# Rabbit Questions.



## madmonahan (Aug 26, 2012)

So I might be getting a rabbit this summer or next summer. (Hopefully this summer!) and I have been doing alot of research on them. But I want to know some of your opinions and other things. 
My questions.

What is your favorite breed of rabbit and what kind do you recommend I get?
What brand of food do your rabbits prefer, and what is a healthy brand?
What kind of toys does your rabbits like, what do you recommend? If you can please post pictures or links of them. 
Can you use fleece in the cage for a rabbit, do they like it?
How old are the rabbits usually at the petstore? (I might get one from a breeder, but I am curious)
What is the best and healthiest type of hay to feed them?
Where do you get most of your supplies from? If online please give me a link.

Thanks for your help! :-D


----------



## Skyewillow (Dec 28, 2012)

Favorite Breeds: English Lop, Lionhead (wool breed, requires grooming), New Zealands (big bunnies), Polish (sweet little dwarf), and Dutch.

I'd have to know what it is you want from your pet (low maintenance, big/small, any little kids in your family, cuddler) to make a recommendation. Each breed has it's pros and cons. Also, every rabbit is an individual!

I feed purina rabbit chow, the show formula. I don't show my buns, but it has the best nutrition out of our local options.

Toys don't have to be anything majorly expensive. Ours LOVE soda boxes, macaroni boxes, tissue boxes, or cardboard tubes stuffed with hay!

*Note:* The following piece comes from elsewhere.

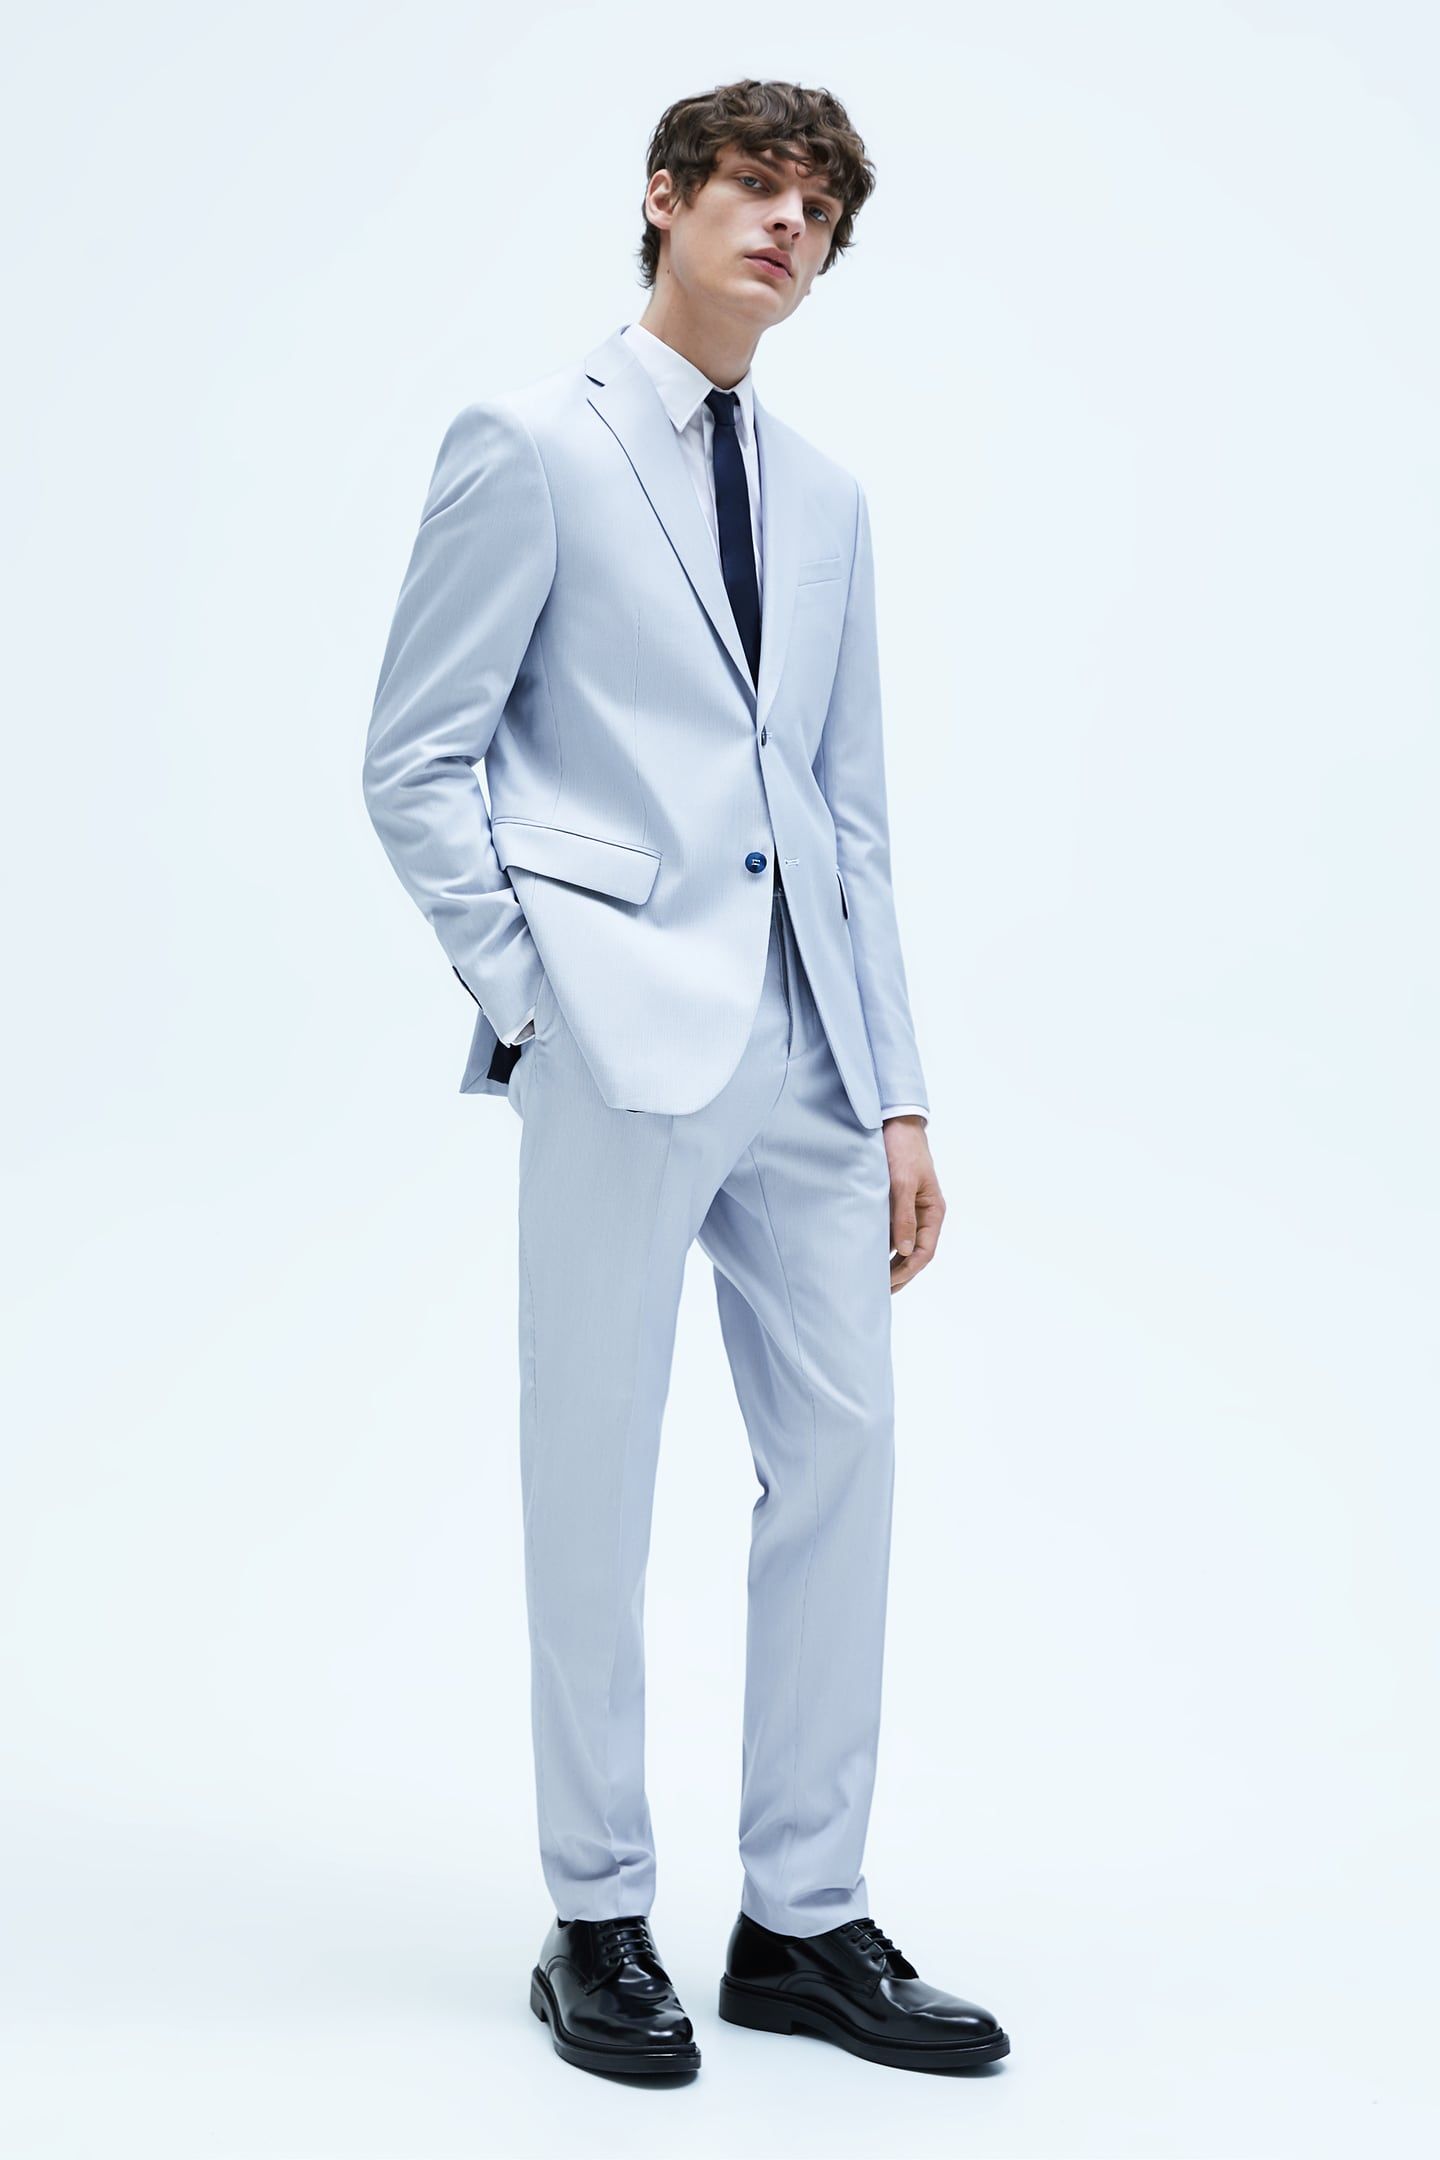 Traje De Boda Para Hombre, Blazer Y Pantalón Azul Claro En Colores Pastel,  Aislado En Foto Premium

I also offered pesticide free apple or pear twigs from the yard for them to chew on.

Rabbits in the petstore can be anywhere from 5 weeks (way too young to be away from momma) to about 3 months. I would recommend going to a reputable breeder, you'll be able to meet the parents and siblings of your rabbit, and you'll have an idea of what kind of temperament they'll have.

I feed timothy, or orchard grass. If alfalfa isn't in your pellets, and your rabbit is under 6 months, you'll have to find a way to supplement with alfalfa (I had to choose the pellets, Swiffer won't eat alfalfa hay)

I get most of my supplies from Tractor Supply Co.

Good luck! Rabbits are a lot of fun!


----------



## madmonahan (Aug 26, 2012)

Thanks so much! I don't really want a lion head, although they are cute and fluffy, I know they require more work. 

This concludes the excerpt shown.